An exact copy is needed of the lines from the one that contains "7.4 Wild Animals MEB Skill Based Test part 2" through the final line of the data below, with pictures left out.

## [INFORMATION SHOWN]
*** Begin section ***

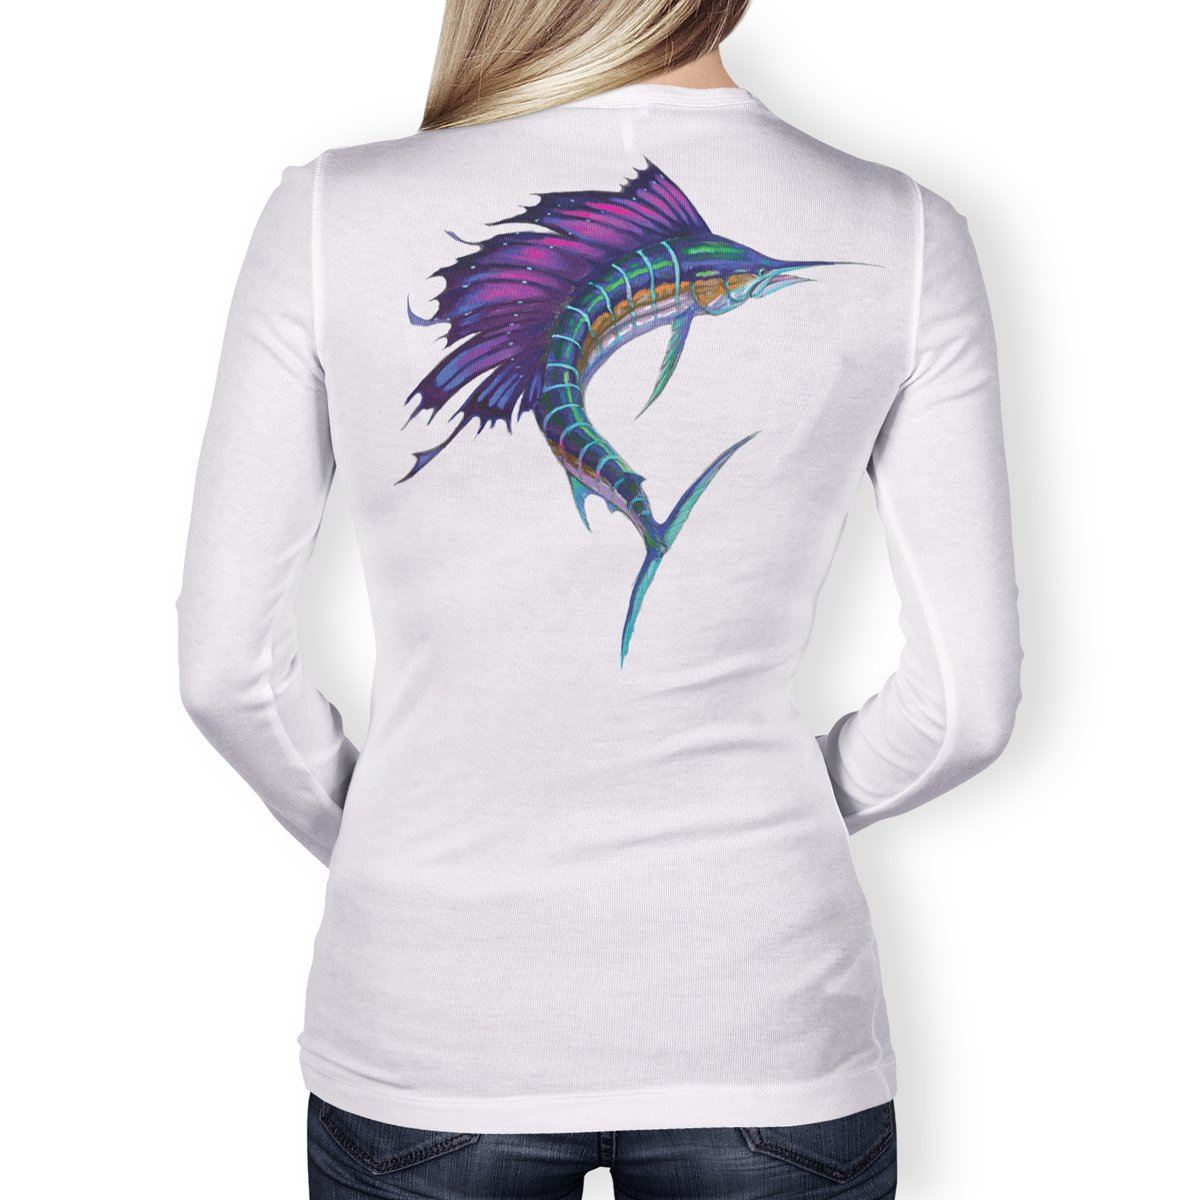 Women's Performance Fishing Shirt Long Sleeve UPF 50+ (Sailfish), XL
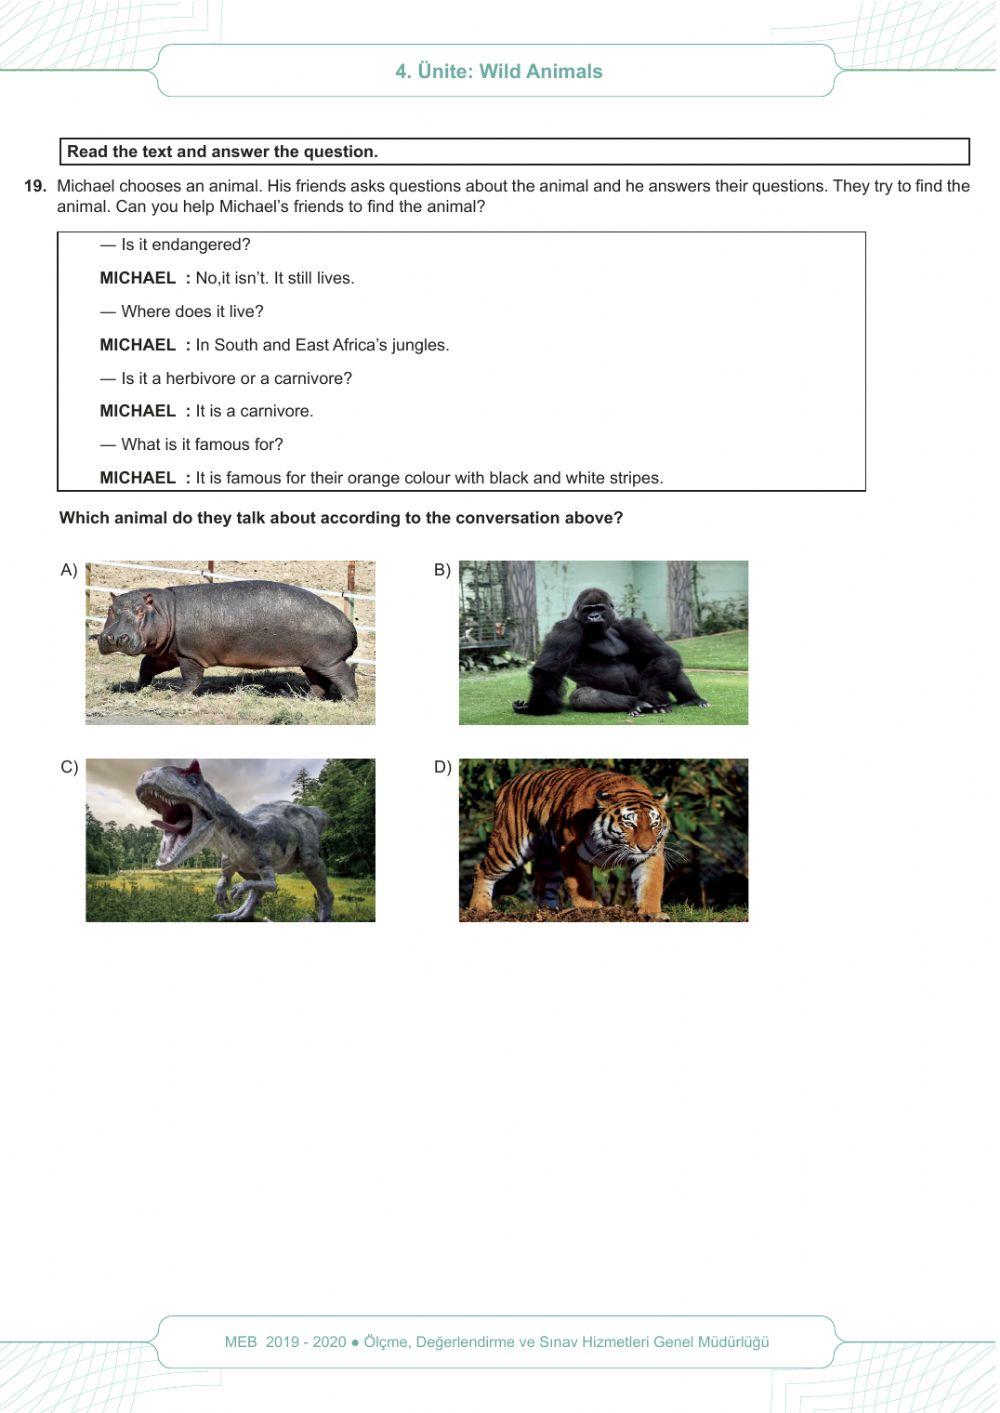 7.4 Wild Animals MEB Skill Based Test part 2
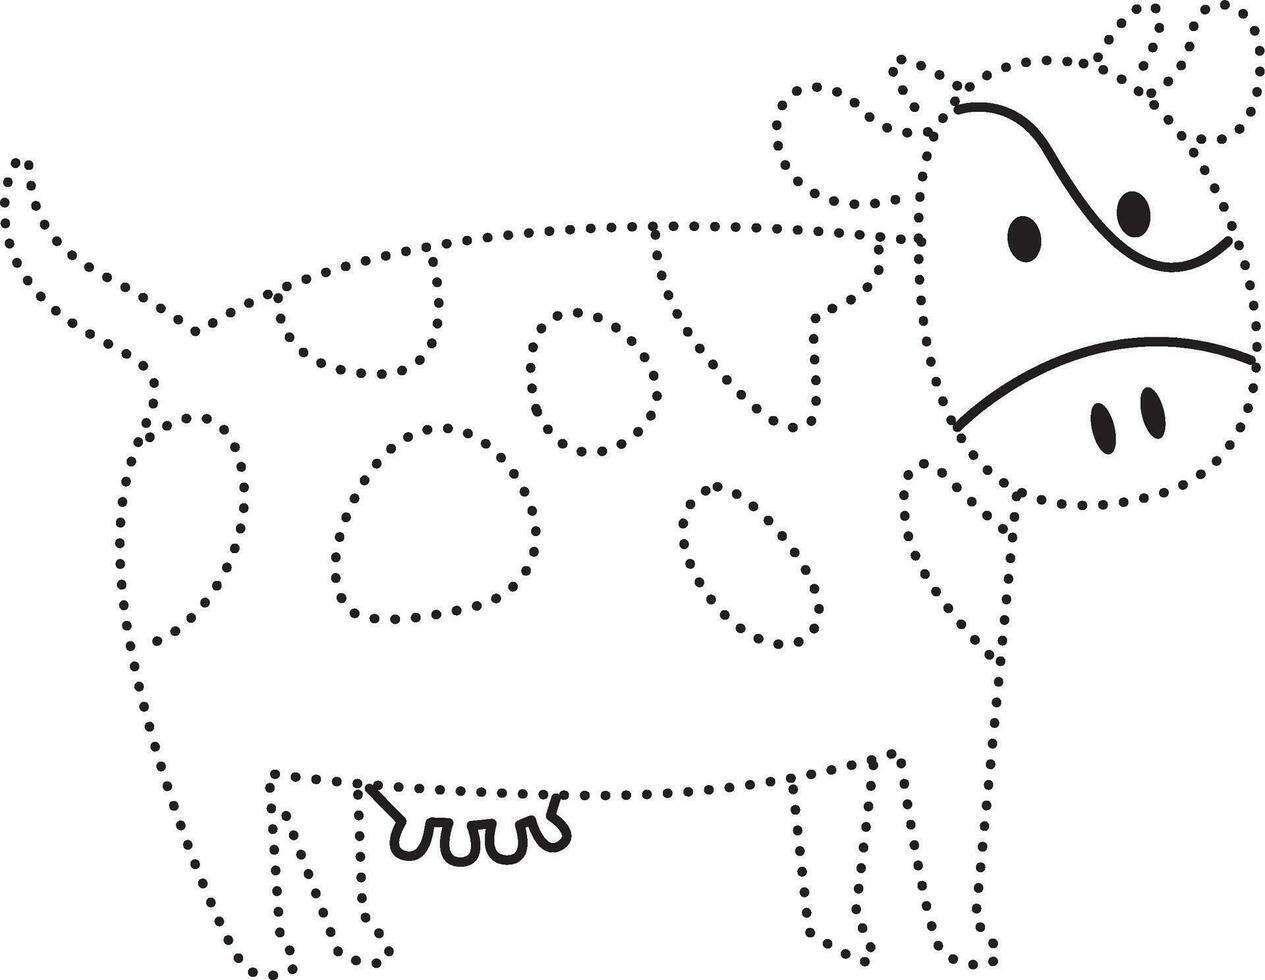 koe dier stippel lijn praktijk trek tekenfilm tekening kawaii anime kleur bladzijde schattig illustratie tekening klem kunst karakter chibi manga grappig vector

*** End section ***

## [RESPONSE AREA]
 7.4 Wild Animals MEB Skill Based Test part 2
 koe dier stippel lijn praktijk trek tekenfilm tekening kawaii anime kleur bladzijde schattig illustratie tekening klem kunst karakter chibi manga grappig vector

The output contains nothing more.